Key measures of emergency department performance in this report include:

  • 90th percentile emergency department length of stay
  • 90th percentile emergency department wait time to physician initial assessment
  • 90th percentile emergency wait time for inpatient bed for admitted patients

In addition, information about Ontarians’ recent use of emergency departments and their perception of the care they received while there is provided using survey data. Specifically:

  • The percentage of adults (aged 16 and older) in Ontario who visited an emergency department because they were sick or had a health-related problem in the previous 12 months (HCES)
  • The percentage of adults (aged 16 and older) in Ontario who reported receiving excellent/very good/good or fair/poor medical care in the emergency department (HCES)
  • The percentage of adults who reported that the last time they went to a hospital emergency department it was for a condition that they thought could have been treated by the doctors or staff at the place where they usually get medical care if they had been available (Commonwealth Fund Survey)


To better understand how different populations utilize and experience care at emergency departments, utilization and wait times were examined using select stratifications such as age group, sex, rural/urban location of the patient and hospital, neighbourhood income, immigration status, hospital type and patient group.

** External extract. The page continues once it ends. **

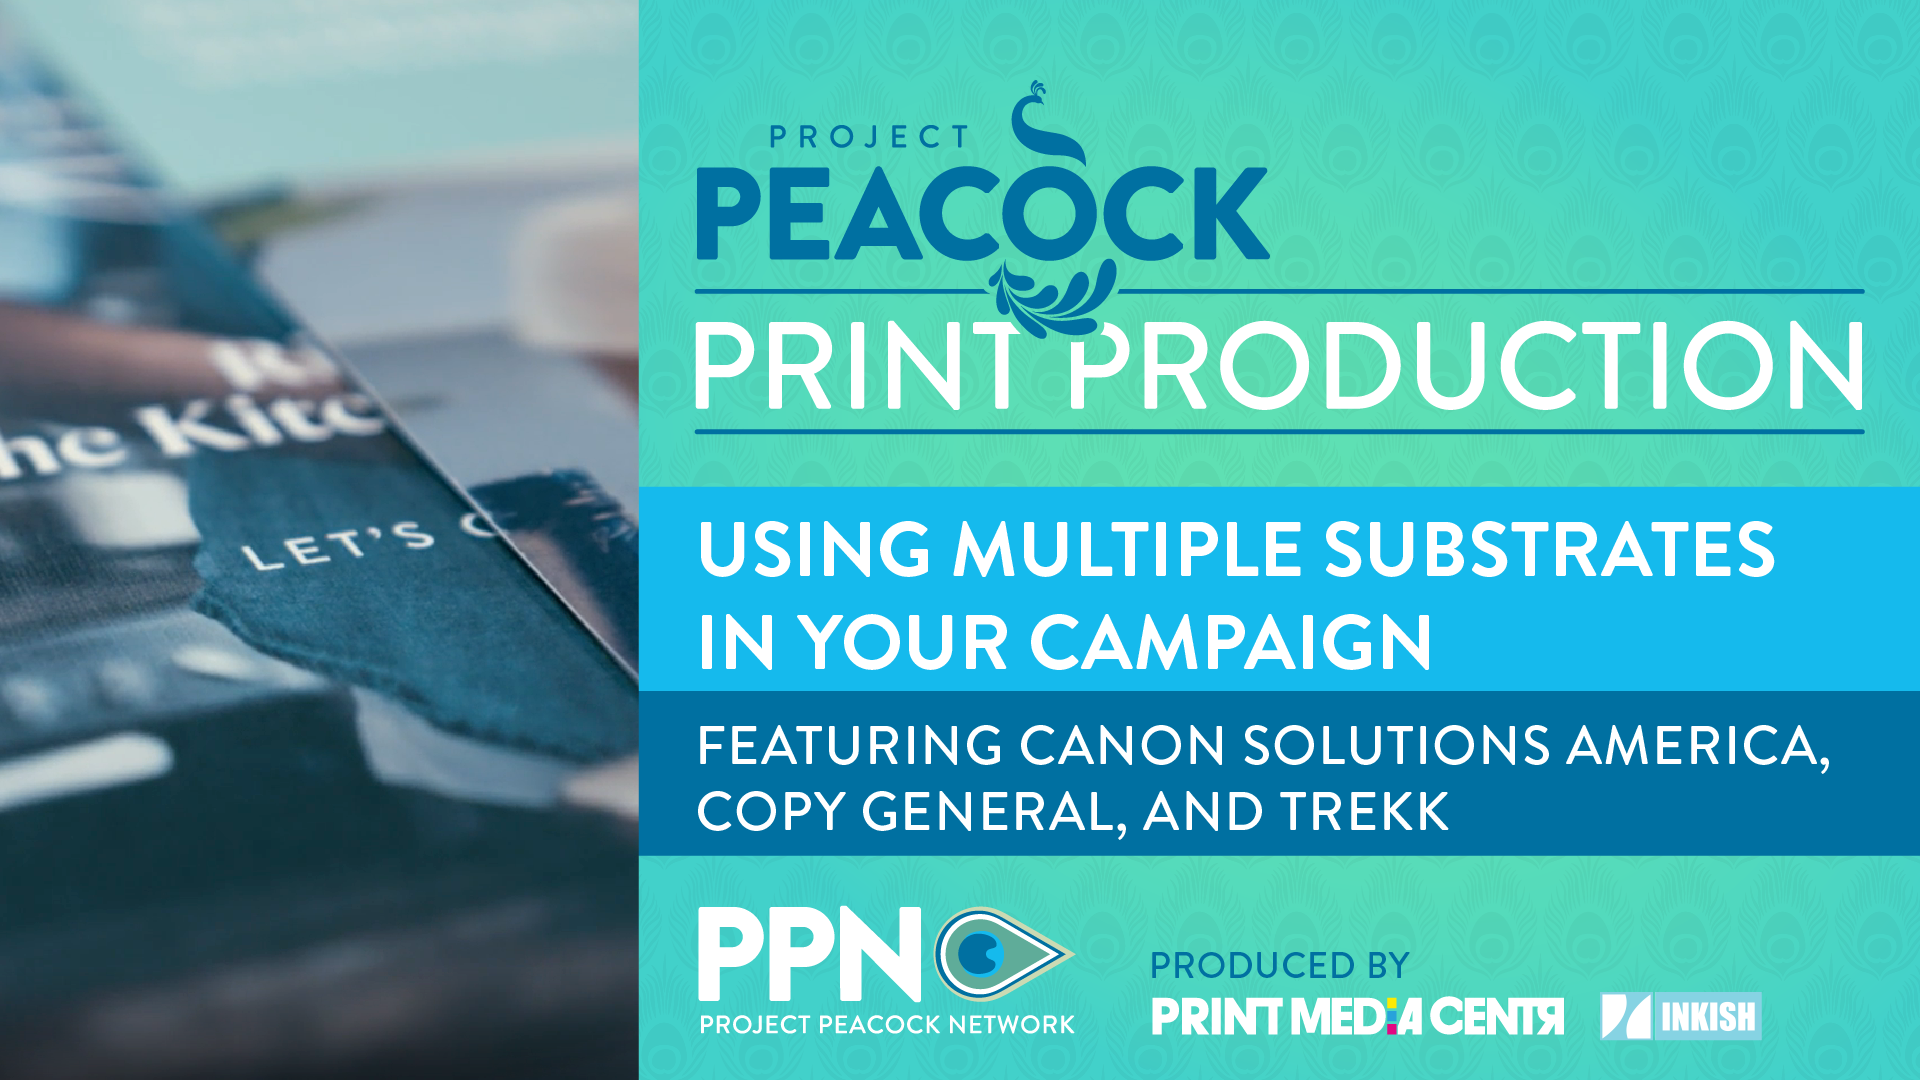 Video Thumbnail for Project Peacock. Print Production video title Using Multiple Substrates in your campaign to the right. A photo of the corner of a brichure with a few pages is on the left of the thumbnail
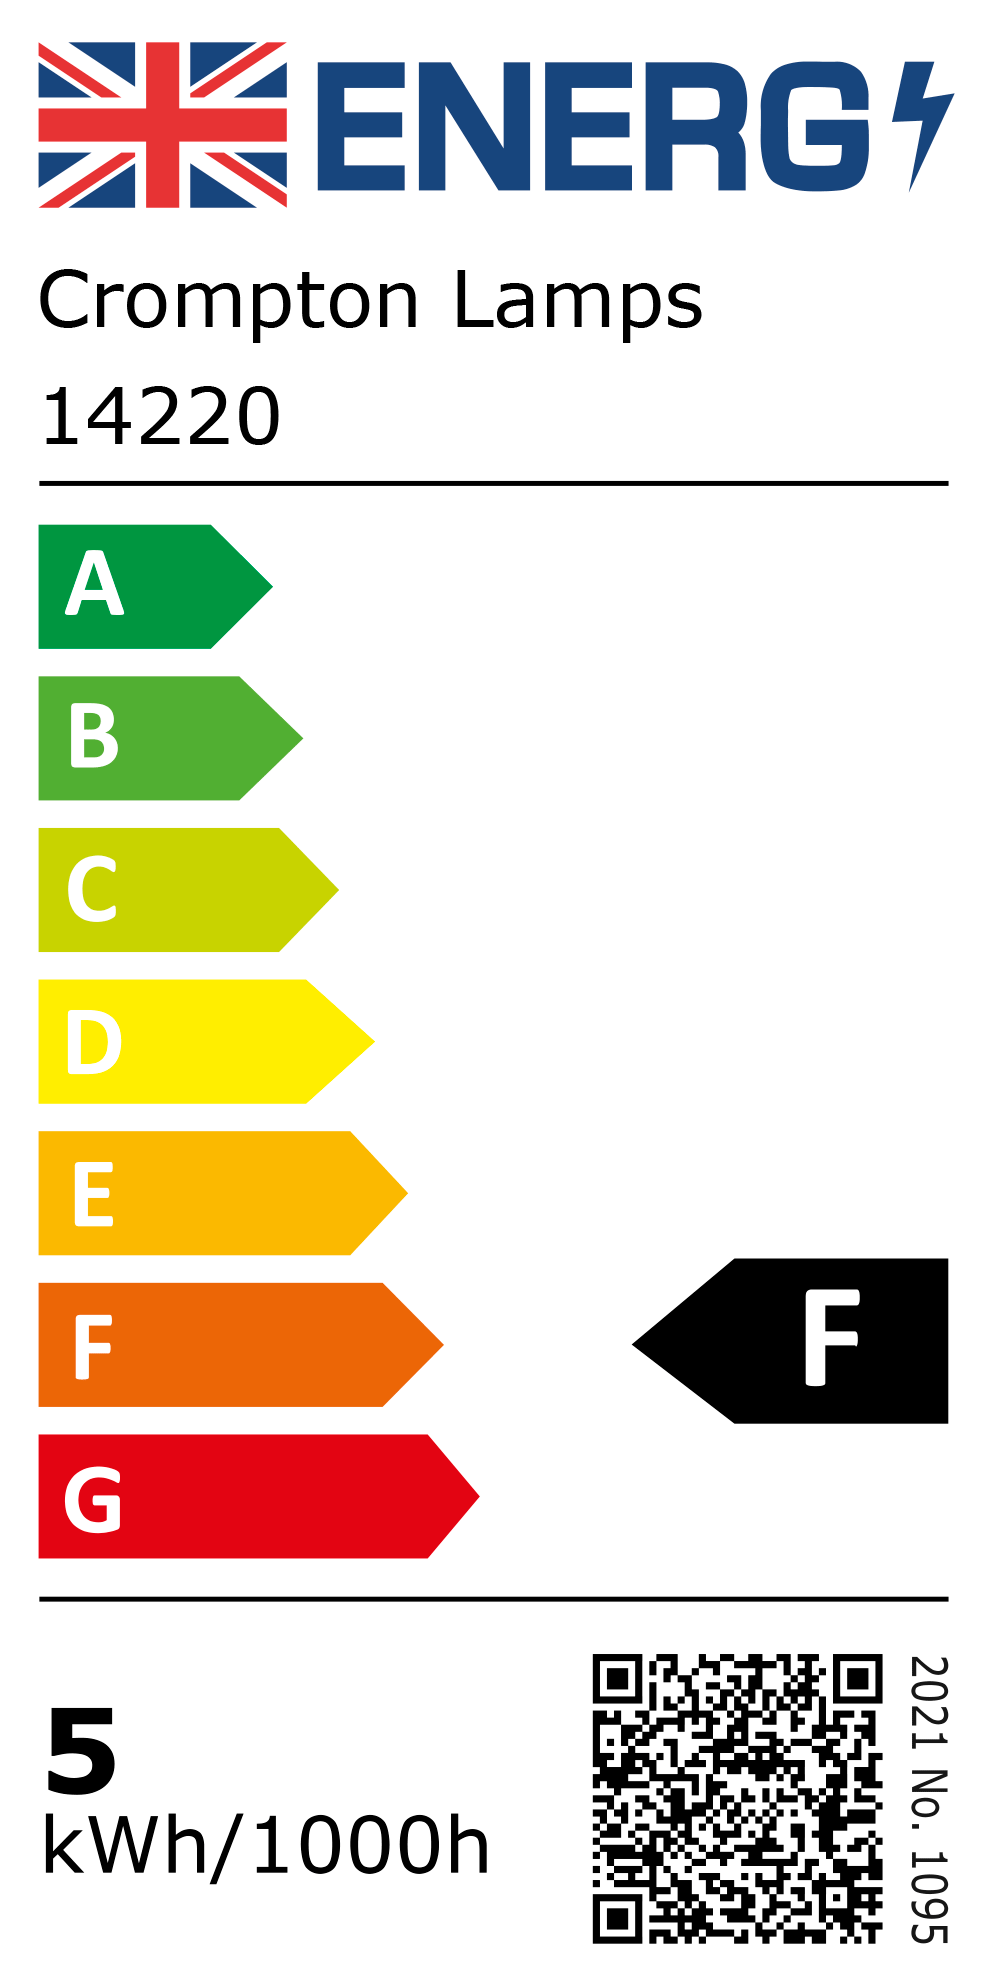 New 2021 Energy Rating Label: Stock Code 14220

Time to physician initial assessment, wait time for an inpatient bed for admitted patients and emergency department length of stay are measured in this report at the 90th percentile – the amount of time within which nine out of 10 patients saw a doctor or completed their visit. The 90th percentile indicator was chosen because it represents the maximum wait to see a doctor or length of stay for the vast majority – 90% – of patients.

For the purposes of the emergency department wait time indicators used in this report, patients are divided into three groups according to Canadian Triage and Acuity Scale (CTAS) scores and visit disposition status as found in the NACRS. The three patient groups are as follows:

  • “High-acuity discharged” includes patients with CTAS scores of 1, 2 or 3 and visit disposition of 01, 04-05 or 08-15 (discharged, transferred)
  • “Low-acuity discharged” includes patients with CTAS scores of 4 or 5 and visit disposition of 01, 04-05 or 08-15 (discharged, transferred)
  • “Admitted” includes patients with any CTAS score (CTAS 1-5), and patients missing a CTAS score, who have a visit disposition of 06 (admitted into the reporting facility as an inpatient to critical care unit or operating room directly from the ambulatory care visit functional centre) or 07 (admitted into the reporting facility as an inpatient to another unit of the reporting facility directly from the ambulatory care visit functional centre)

Data from the 2014/15 Health Care Experience Survey were weighted to reflect the design characteristics of the survey and the population of Ontario. Urban/rural status is defined using Statistics Canada’s Statistical Area Classification. Respondents who answered “don’t know” or who “refused” are excluded from results.

Data from the 2013 Commonwealth Fund International Health Policy Survey of the General Public are based on participants 18 years of age and older who were interviewed by telephone (land line or cellphone) between March and June 2013. In Canada, 5,412 respondents were surveyed; the Ontario population was oversampled (1,543 respondents) to enable the calculation of provincial estimates from the survey.

For a full list of data sources and methods as they relate to each indicator, please refer to the Technical Appendix.


There are certain limitations of the analysis that should be considered when interpreting the results. Some of the limitations are specific to the data source, the indicator and the methodology used to calculate it. For further details, please see the individual Indicator Templates in the online Technical Appendix.